Maybe this is a whoosh on my part, but 'cosmonaut'? Wha???
I judt got a nre Kinesis keybiartf so please excusr ant egregiou typos.
Confidant. Easily mis-heard. Excuse me while I kiss the sky.
Lately I've been noticing that I get a lot more google matches that are utterly irrelevant to what I was looking for, and on examination, they usually don't even contain any of the keywords that I typed. This is presumably part of the same problem, due to the growing success of marketers in "attracting eyes" by tricking the search sites into sending people to the marketers' sites.
Perhaps a useful approach would be for the search sites to allow us to "ban" a site, similarly to what a lot of email and news readers have done for years. This could be done in a browser, of course, but it should work even better if the search site got the information. They could then use readers' banning as part of the ranking, because they'd know that a site is not a good match for someone looking for keywords X, Y and Z, despite what it may look like to the search bot.
Another approach might be to see if the courts would go along with applying "truth in advertising" laws to stuff online. You'd think this would be obvious, but we're still in the stage at which the inclusion of words like "computer" or "online" immediately cancels all precedent, and centuries of lessons must be relearned for the new computer/network environment.
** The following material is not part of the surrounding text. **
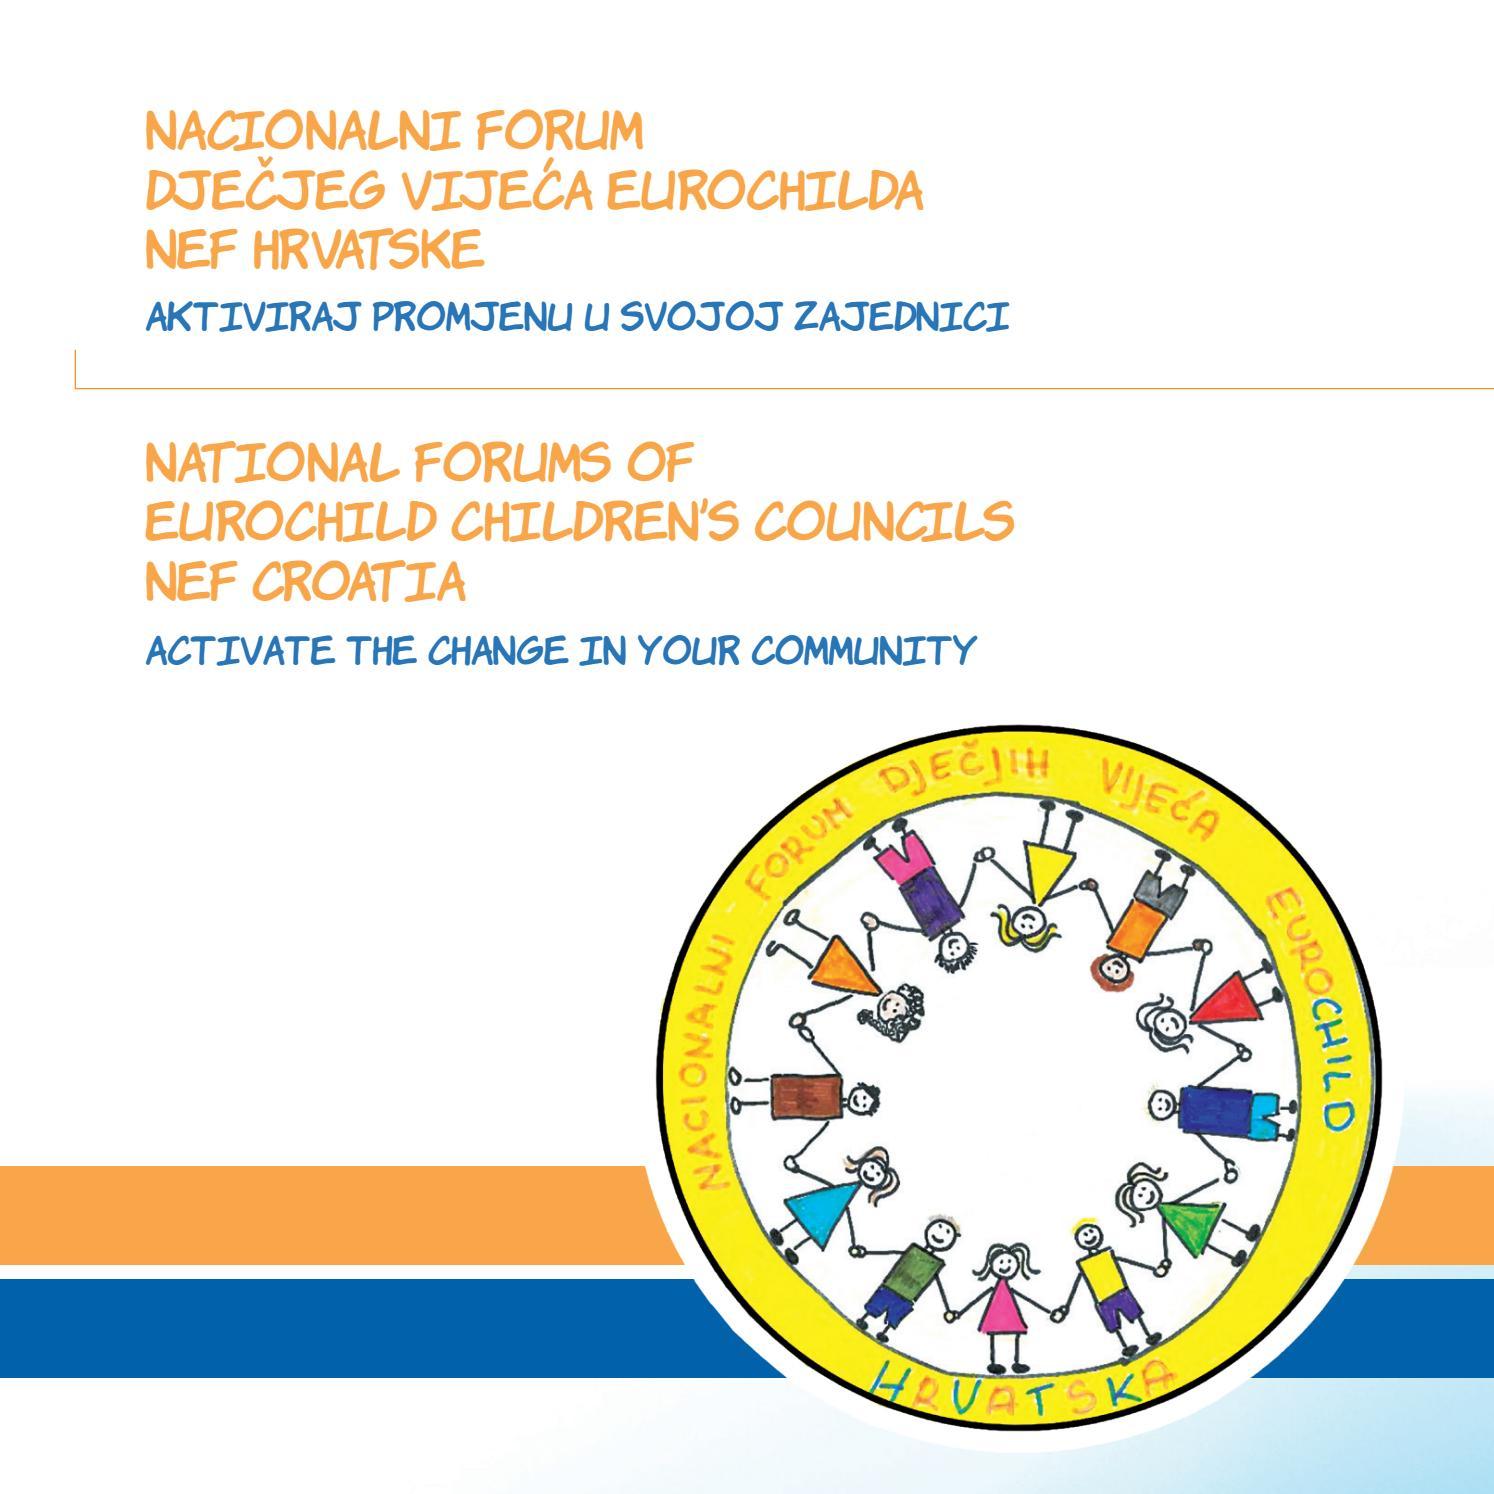 Sajtovi za upoznavanje u hrvatskoj forum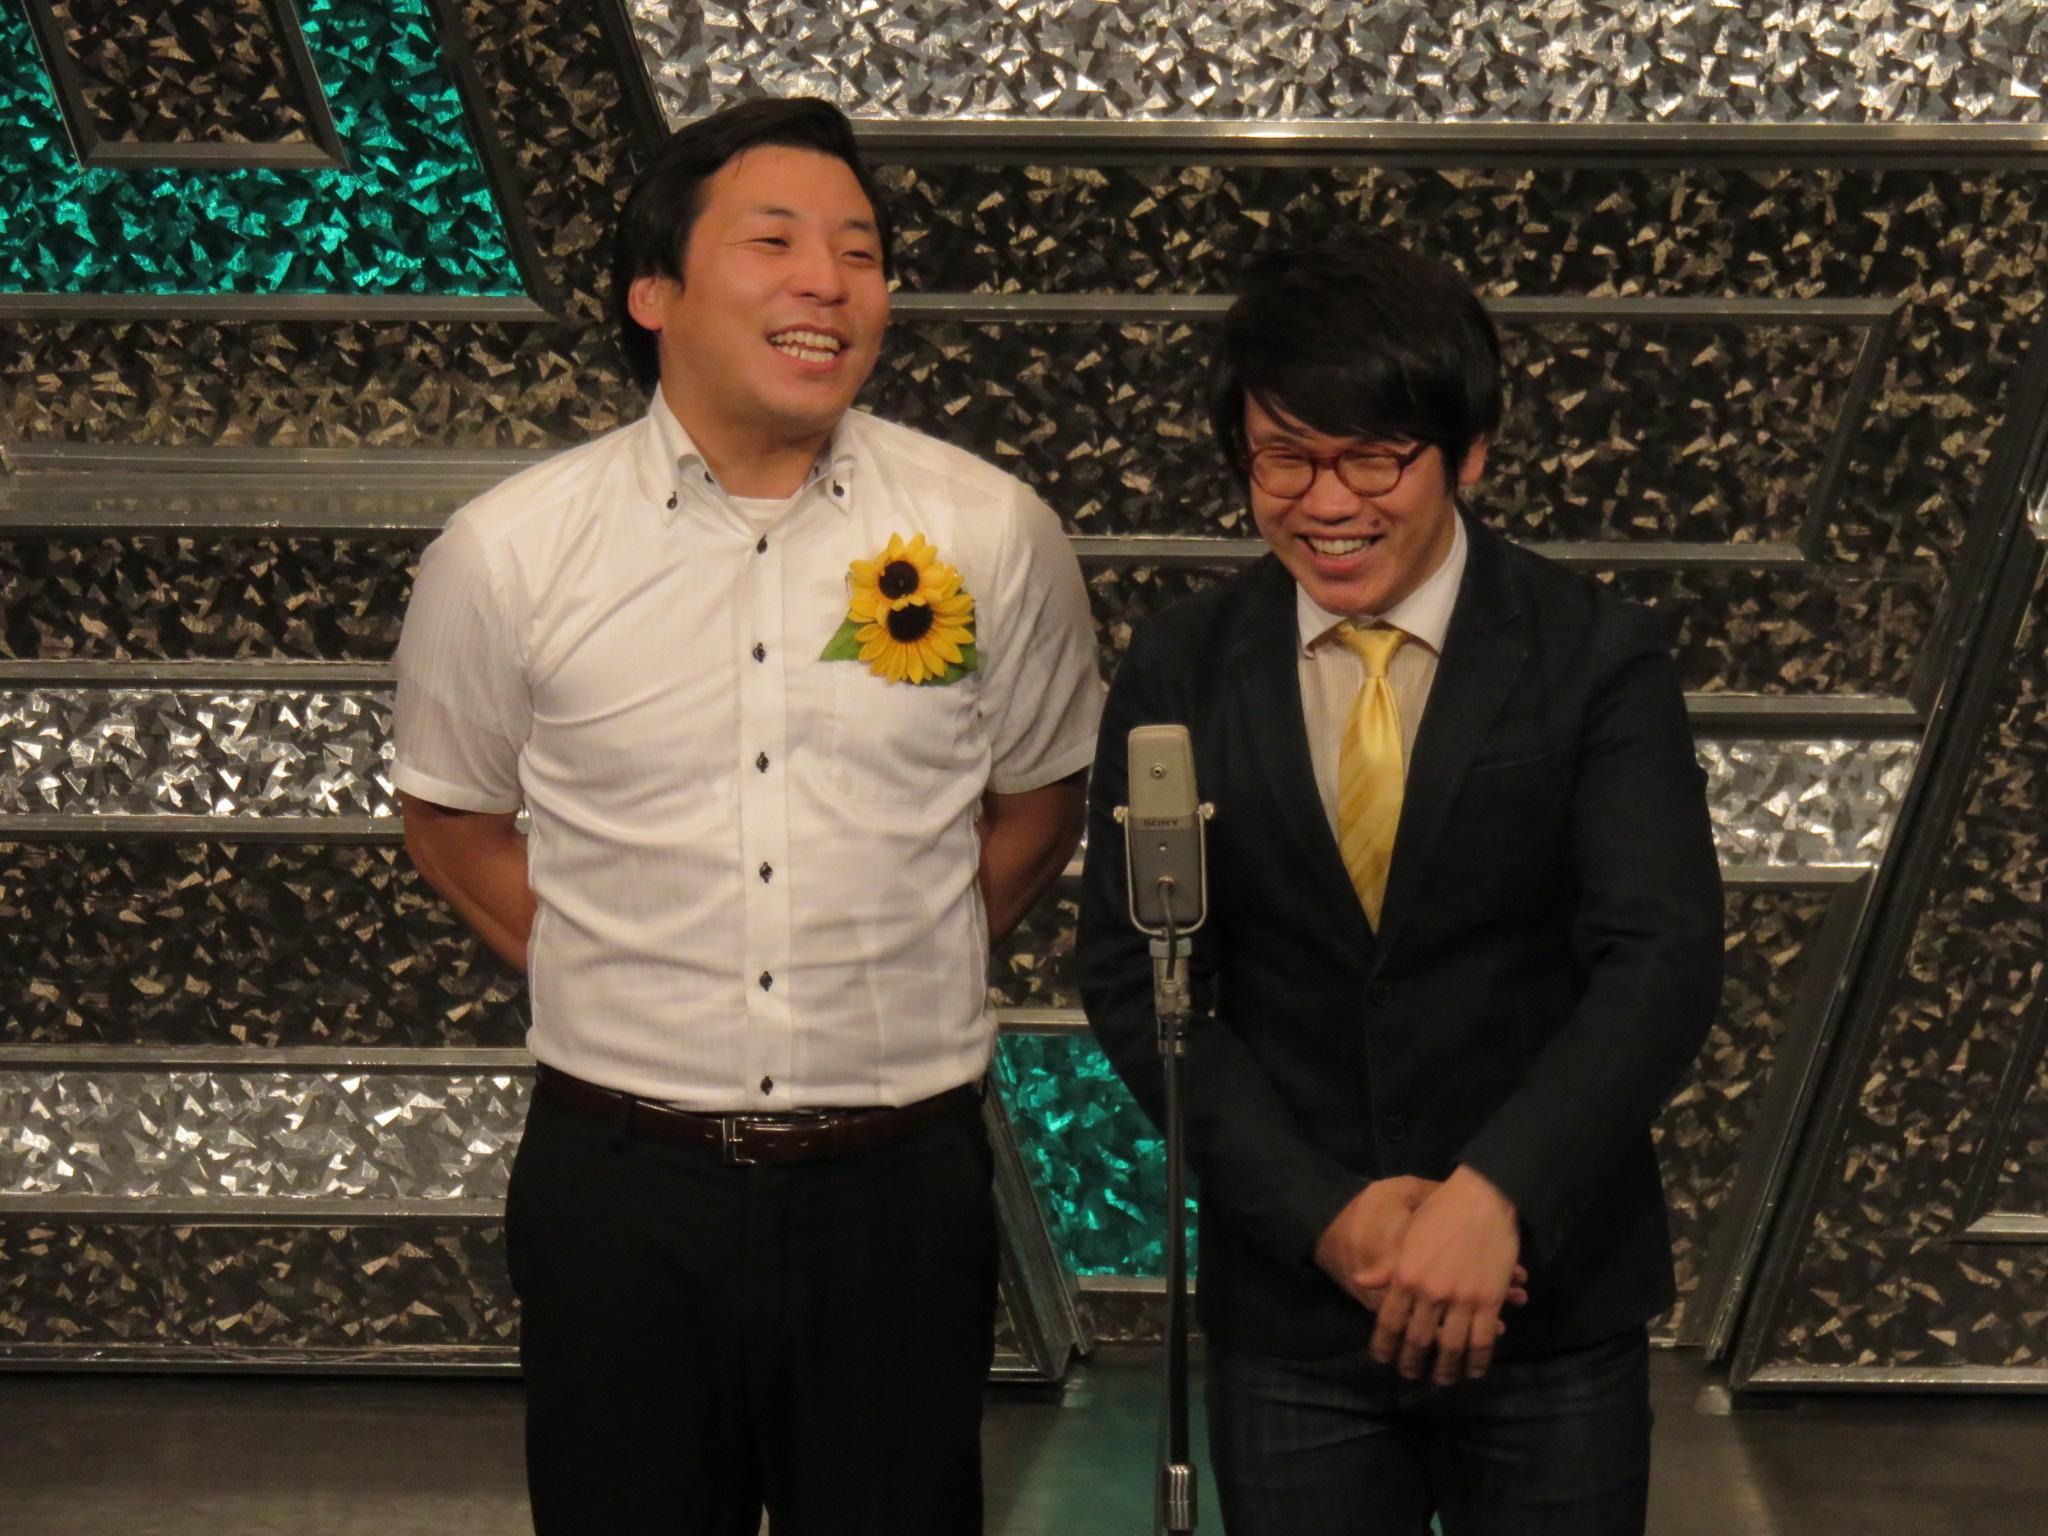 http://news.yoshimoto.co.jp/20161228212835-b8f2d643f6ba0a387094877c229d1957482e0ae4.jpg

It's probably still some years before false advertising online can be challenged and prosecuted as easily as with false and misleading print or broadcast ads.
Those who do study history are doomed to stand helplessly by while everyone else repeats it.
I... I am in shock right now, truly disturbed... I have debated whether to even post this horrific discovery.. but I just found out, just now, that out of all of the world's sexy people, every single one of them was at one point a disgusting, unsexy child. I know, it's true! My buzz, it has been murdered.
slashdot: where everyone yells sarcastic metaphors to themselves to understand the issue
Recent example:
Microsoft Mice Made in Chinese Youth Sweatshops?
makes for more views than
Several Technology Companies Reported to Use Child Labor at Chinese Youth Sweatshop
even though it's as true. (To be fair, all other media outlets did the same thing, ignoring companies like Apple and Best Buy who used the same factory.)
This is pretty typical - every day I see at least one article where the headline misrepresents or outright contradicts the actual article. Pretty much everyone, in the interests of page views and advertising revenue, will sacrifice journalistic integrity and truth.
The best thing about a boolean is even if you are wrong, you are only off by a bit.
So, err, how did you come across that picture then?
Correct.
People used to react to headlines in making a decision to purchase a newspaper. Now they search for topics of interest in making a decision to click through to whomever has the info they wanted before they went looking for news.
Once they had the newspaper in their hands, they unfolded it to discover that the only interesting headline was above the fold on the front page, and the rest was crap written by communications majors.
Now they read the article, then go back to the search engine to find other things they want to know, often on exactly the same topic.
I.e., newspapers are no longer 80 pages long, 300 on Sunday. They're 1 story deep, 24/7/365 (but really 9-5 on weekdays because even on the internet you can't get people to work any time other than the space between breakfast and dinner).
The salacious nature of headlines has actually been reduced. "If it bleeds it leads" is no longer the most profitable strategy. Breadth of topics and close tracking of current topicality are more valuable, and more likely to get people to pluck the leaves from your tree (and with them the parasitic corporate eggs ads that are glued to their undersides).